Forge Learning Plan
This document is the recommended learning path for this repo.
Goal:
- Understand what Forge does
- Learn the minimum ML / model / infra concepts needed for this codebase
- Get to a first small PR without getting lost
Recommended Order
1. Run the project first
- Finish environment setup
- Run
python test_setup.py - Run a smoke test with
--max_steps 10 - Confirm you know:
- where a run starts
- where outputs are written
- why the run stops
Current example run:
python forge.py --config configs/classification/mnli/distilbert/00_sft.yaml --max_steps 10
Current output directory:
outputs/classification/mnli/distilbert/00_sft/20260310-0138Z
2. Build the high-level Forge mental model
- Learn the high-level pipeline:
config -> dataset -> tokenizer/processor -> model(s) -> trainer -> checkpoints/logs -> evaluation -> outputs
- Understand that Forge is a training framework around Hugging Face models
- Understand that the config chooses:
- task
- model
- training mode
Important:
- Do not read line-by-line yet
- First understand the flow
3. Learn the core terminology
-
run -
step -
epoch -
batch -
checkpoint -
resume -
task -
dataset -
model -
trainer -
pretrained model -
fine-tuning
Minimum definitions to keep in mind:
run= one experiment executionstep= one optimizer updateepoch= one full pass over the training settask= what problem you are solvingmodel= the neural network being trainedtraining mode= SFT / KD / RL
4. Learn the three most important separations
-
taskvsmodel -
modelvstraining mode -
checkpointvsfinal model
For this repo, this separation is critical:
MNLI= task / datasetDistilBERT= modelSFT= training mode
5. Learn the current concrete example first
Start with this config:
configs/classification/mnli/distilbert/00_sft.yaml
Checklist:
- I know this is an
MNLItask - I know this uses
DistilBERT - I know this run is CE-only SFT
- I know
alpha = 0.0means no active distillation - I know
--max_steps 10overrode full training
What this config means in plain English:
- Start from a pretrained DistilBERT model
- Fine-tune it on the MNLI classification task
- Predict the relationship between a premise and a hypothesis
What To Learn First
A. Hugging Face basics
- What the Hugging Face Model Hub is
- What the Hugging Face Datasets Hub is
- What
transformersprovides - What
datasetsprovides - How
from_pretrained(...)works
Concrete examples from this repo:
distilbert-base-uncasedbert-base-uncasedglue / mnli
B. Minimum ML concepts
- Supervised learning
- Classification
- Training loop:
- forward pass
- loss
- backward pass
- optimizer step
- Cross-entropy
- Accuracy / F1 / MCC
Do not learn everything first.
Only learn enough to explain what this run is doing.

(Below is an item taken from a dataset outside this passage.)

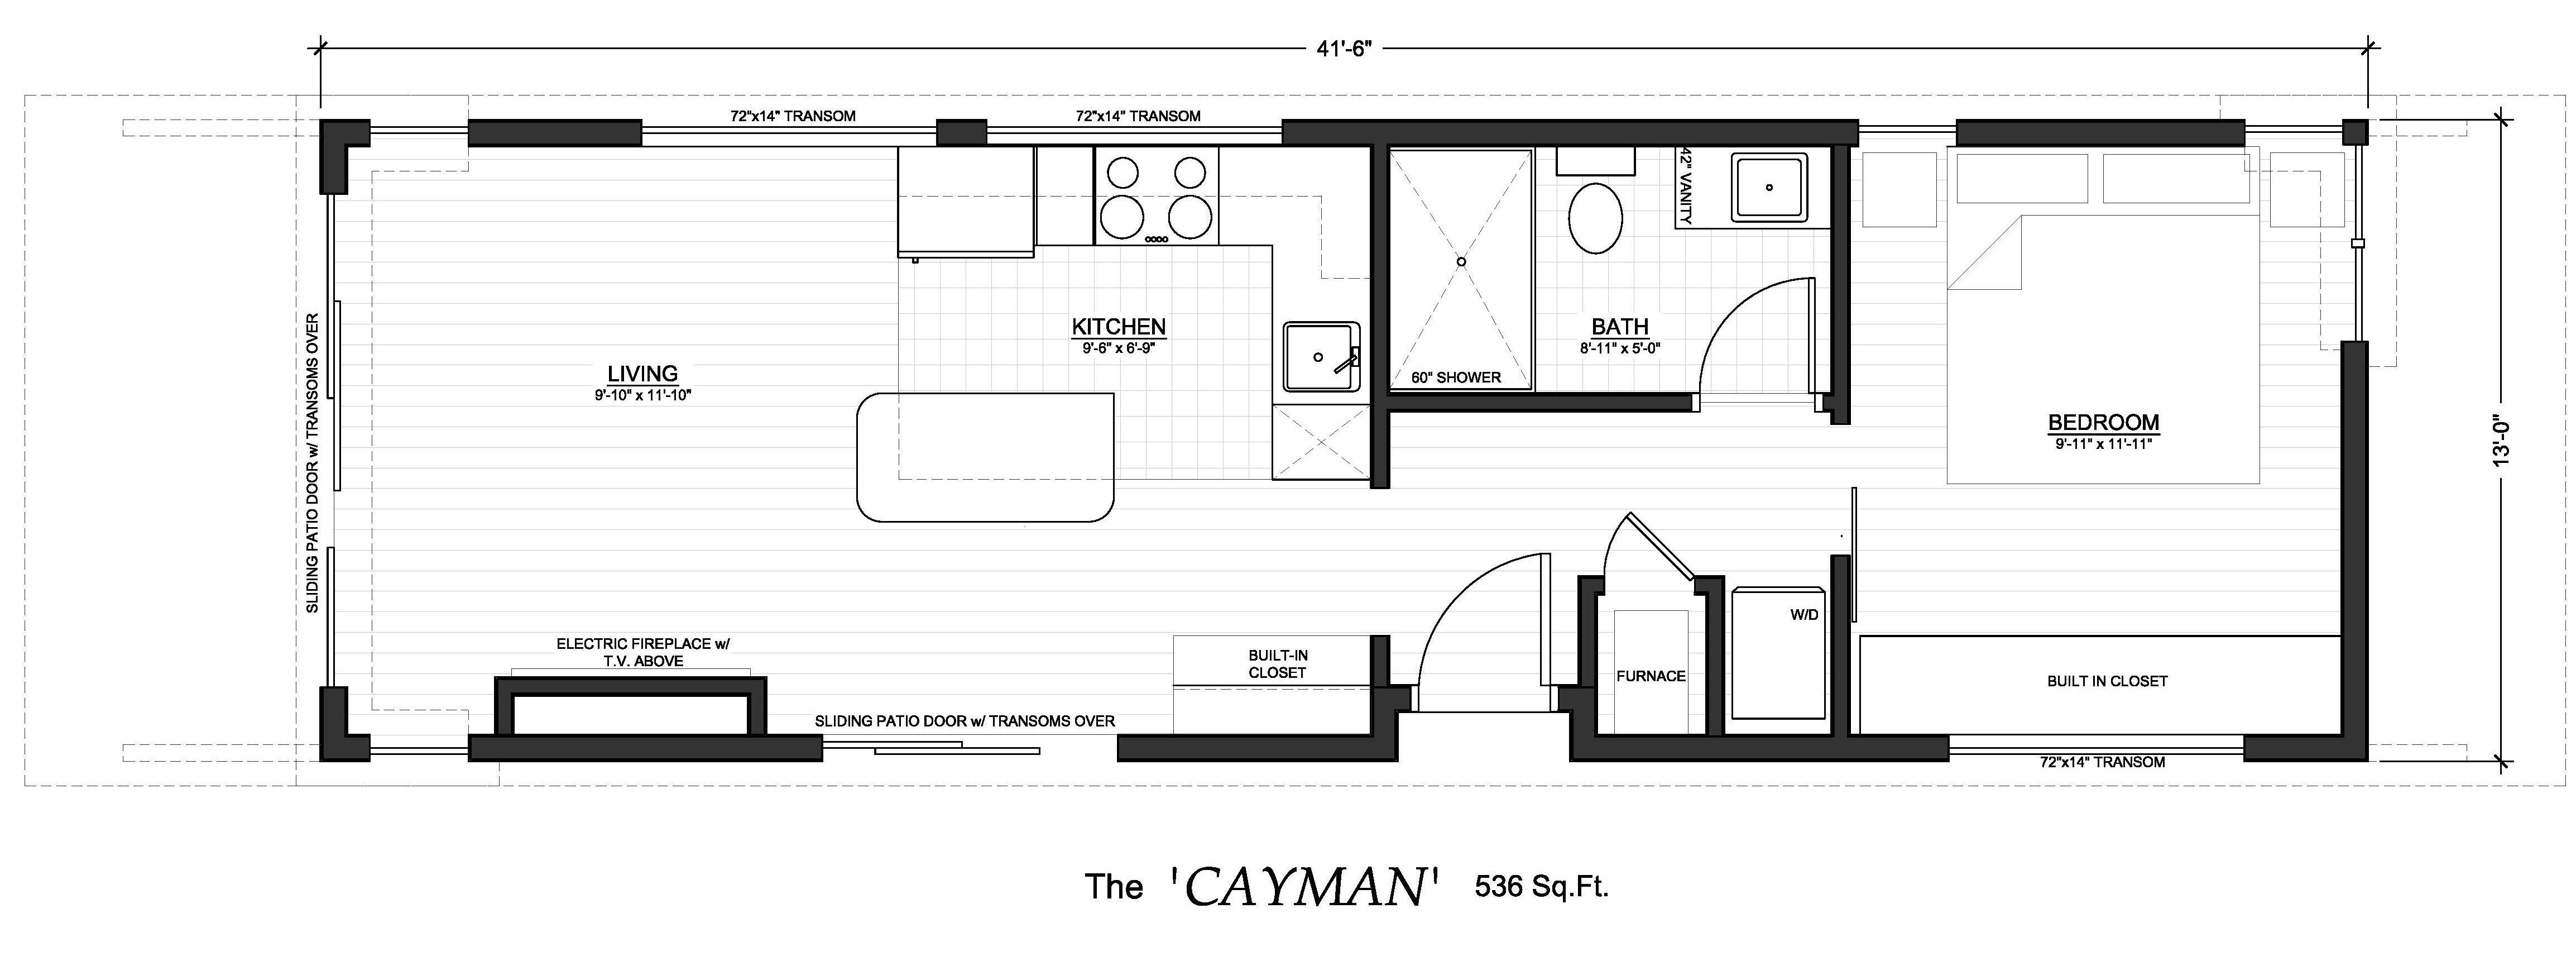 100 house plans with 3d tour 3d view house plans for 3d virtual tour house plans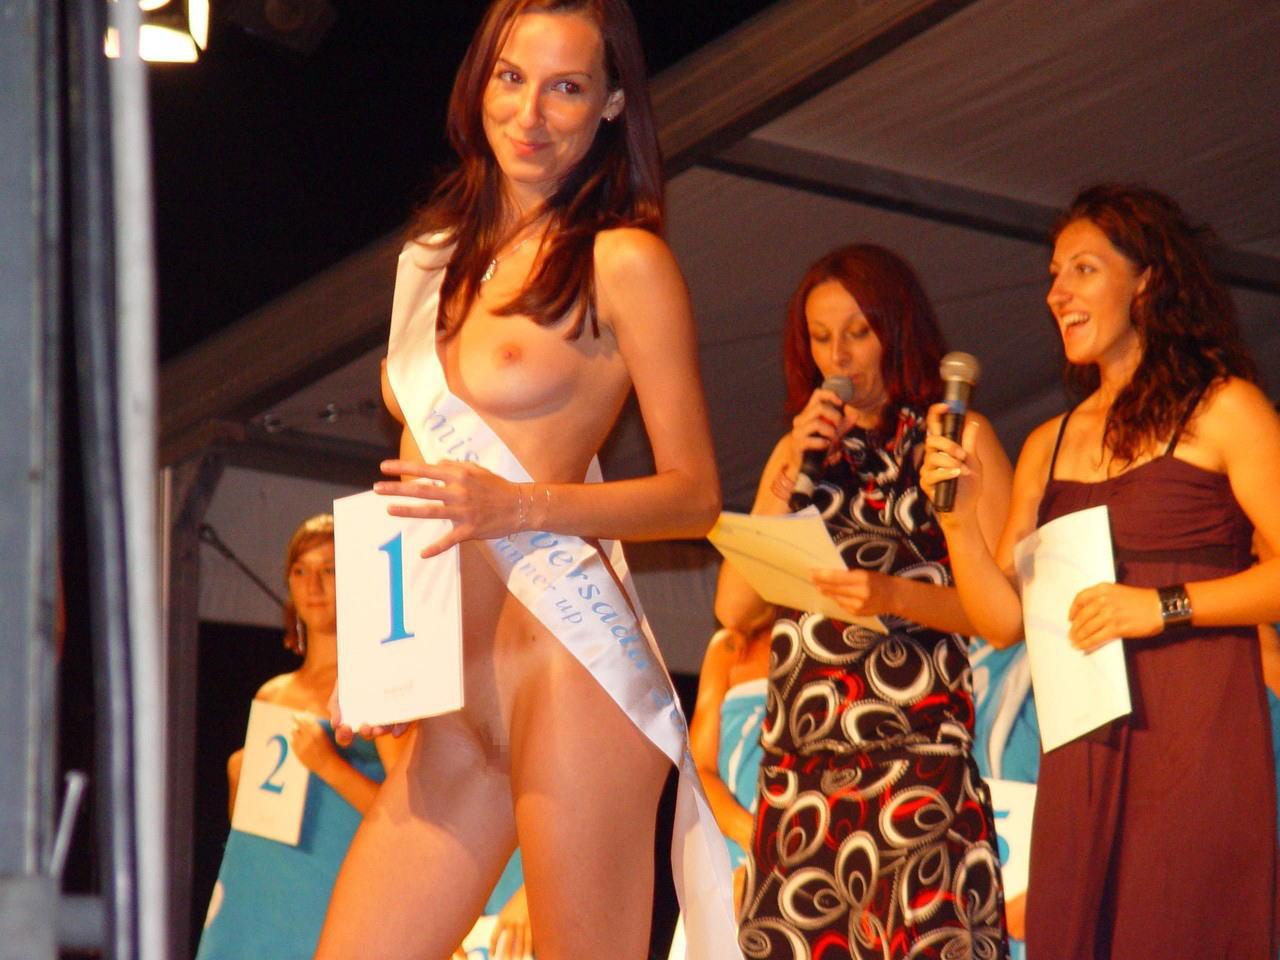 【海外エロ画像】日本では無理?いや真似してよ(*゚∀゚)=3ブロンド美女が全裸で競うヌードコンテストの実態www 03

C. Model concepts used by this repo
- What a Transformer model is
- What an encoder model is
- Why BERT / DistilBERT are encoder models
- What tokenization does
- What model inputs and outputs look like
For the current run, you should be able to explain:
- input = premise + hypothesis
- output = 3-way classification logits
D. Forge-specific usage
- YAML-driven configuration
- Config inheritance via
inherit -
--configvs--resume - Output directory structure
- Why
run_metadata.json,training_state.json, andoutput.logmatter
Learning Path By File
Phase 1: Files to understand first
-
README.md -
configs/classification/mnli/distilbert/00_sft.yaml -
configs/classification/mnli/distilbert/base.yaml -
configs/classification/mnli/base.yaml -
learn/forge-high-level.canvas
Goal:
- understand the example run at a high level
Phase 2: Main runtime path
-
forge.py -
src/data/datasets.py -
src/tasks/registry.py -
src/models/loader.py
Goal:
- understand where config, dataset, and model come from
Phase 3: Training behavior
-
src/training/trainer.py -
src/evaluation/evaluate.py
Goal:
- understand SFT first
- understand KD second
Phase 4: Infra behavior
-
src/training/callbacks.py -
src/utils/checkpoint.py -
scripts/slurm/run_training.sh
Goal:
- understand how long runs survive and resume
Phase 5: Later topics
-
src/training/rewards.py - RL configs
-
workbench/
Important:
- RL comes later
- Workbench comes later
- Do not block on GRPO right now
Questions You Should Be Able To Answer
- Where do the model and dataset come from?
- What key fields in
00_sft.yamlcontrol behavior? - What is the difference between task, model, and training mode?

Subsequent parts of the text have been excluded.